# Hibernate Tools und Eclipse Europs 3.3



## Gast (25. Mai 2008)

Hallo Zusammen,

hat jemand geschafft, diese Kombination zu installieren. Wenn man Eclipse Europa und die Updatesite von JBoss verwendet, gibt es immer wieder irgendwelche Abhänigkeiten. Und egal was ma installiert, es beleiben Abhänigkeiten offen.

Danke und Gruß


----------



## semi (25. Mai 2008)

Klar funktioniert es. Siehe: http://www.java-forum.org/de/topic69038_anf-nger-hibernate-einstieg.html
Von den ganzen JBoss-Tools brauchst du nur die Hibernate-Console.

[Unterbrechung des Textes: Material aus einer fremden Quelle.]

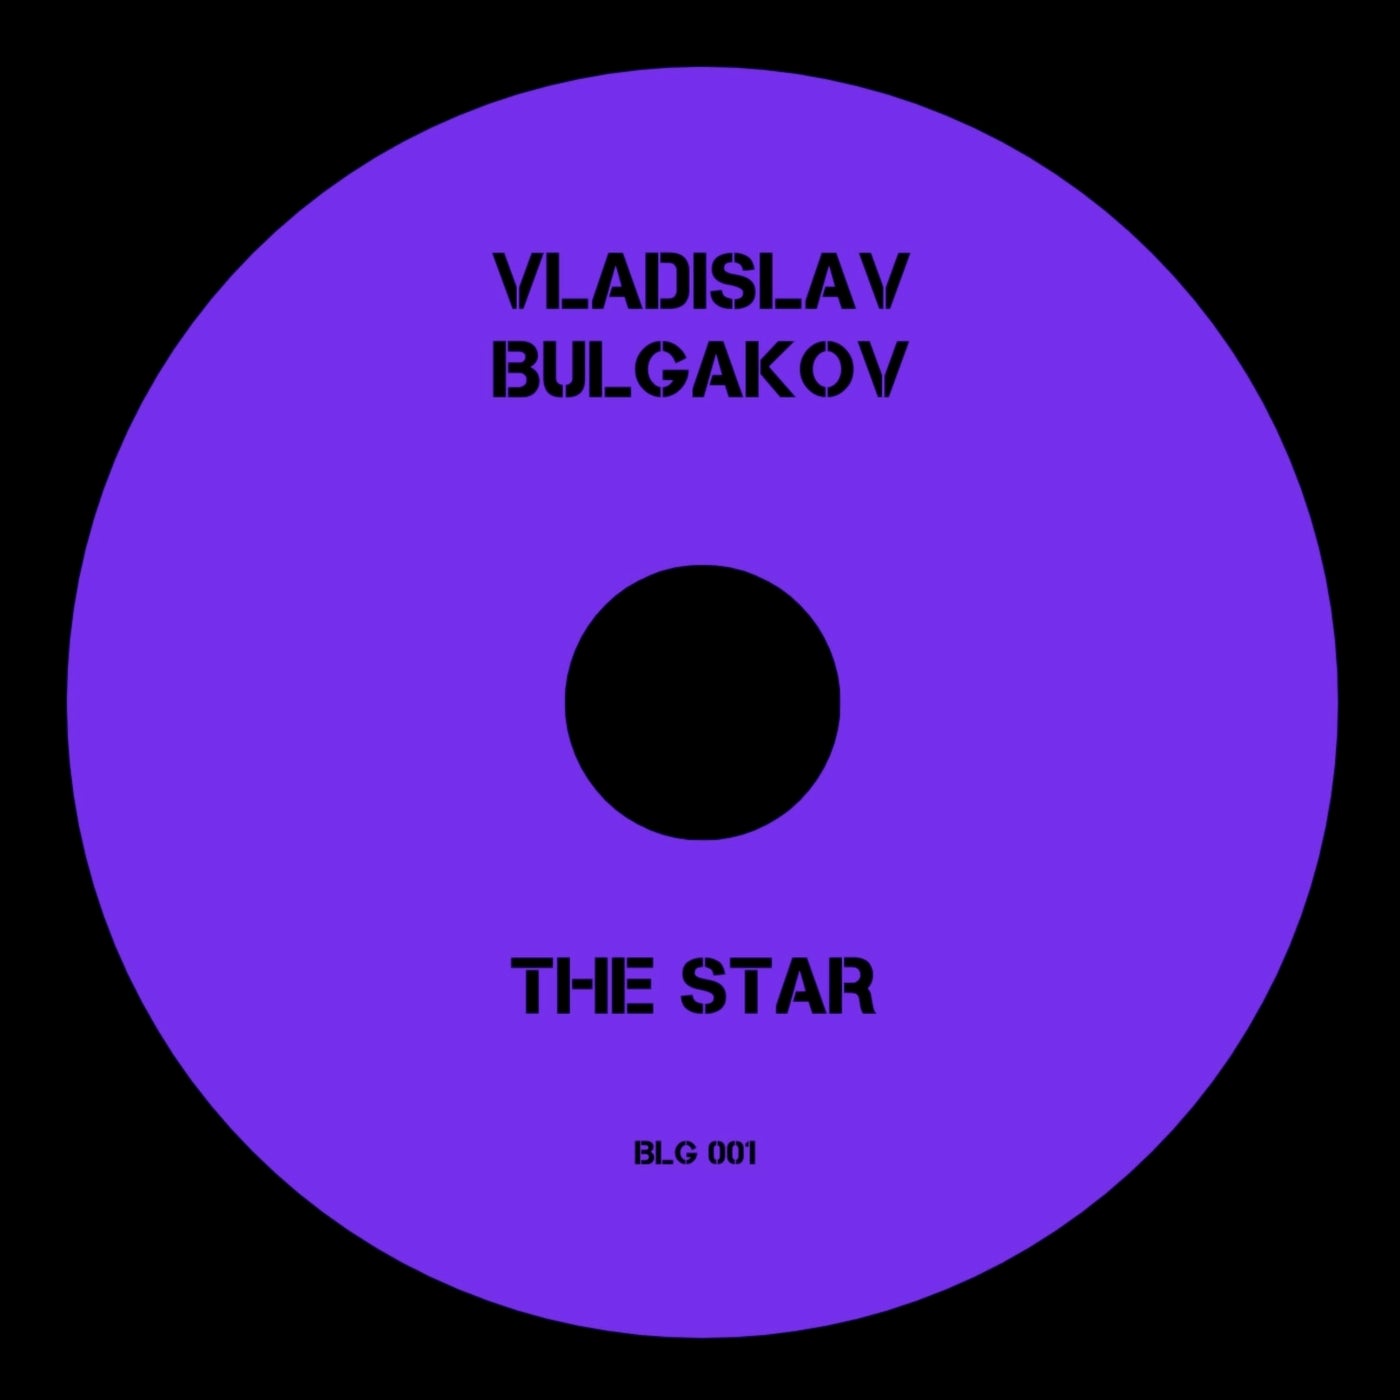 The Star (Extended Mix)

Wie der Rest bei Eclipse 3.3 läuft, weiss ich 
nicht, habe es nicht verwendet. Ich gehe jetzt davon aus, dass du "Eclipse IDE for Java EE Developers" installiert 
hast. Eclipse Classic 3.3.x hat kein JST oder WST dabei, daher vermutlich die Probleme. 
Siehe auch: http://www.eclipse.org/downloads/moreinfo/compare.php


----------



## Gast (25. Mai 2008)

Danke! Danke! Danke! Danke! Danke! Danke!   

Da ich die JPA in Einer SE-Anwendung nutzen wollte, hatte ich natürlich "nur" Eclipse Europa für Java. Mit EE ging es ohne Probleme.

Nochmals Danke !!!


----------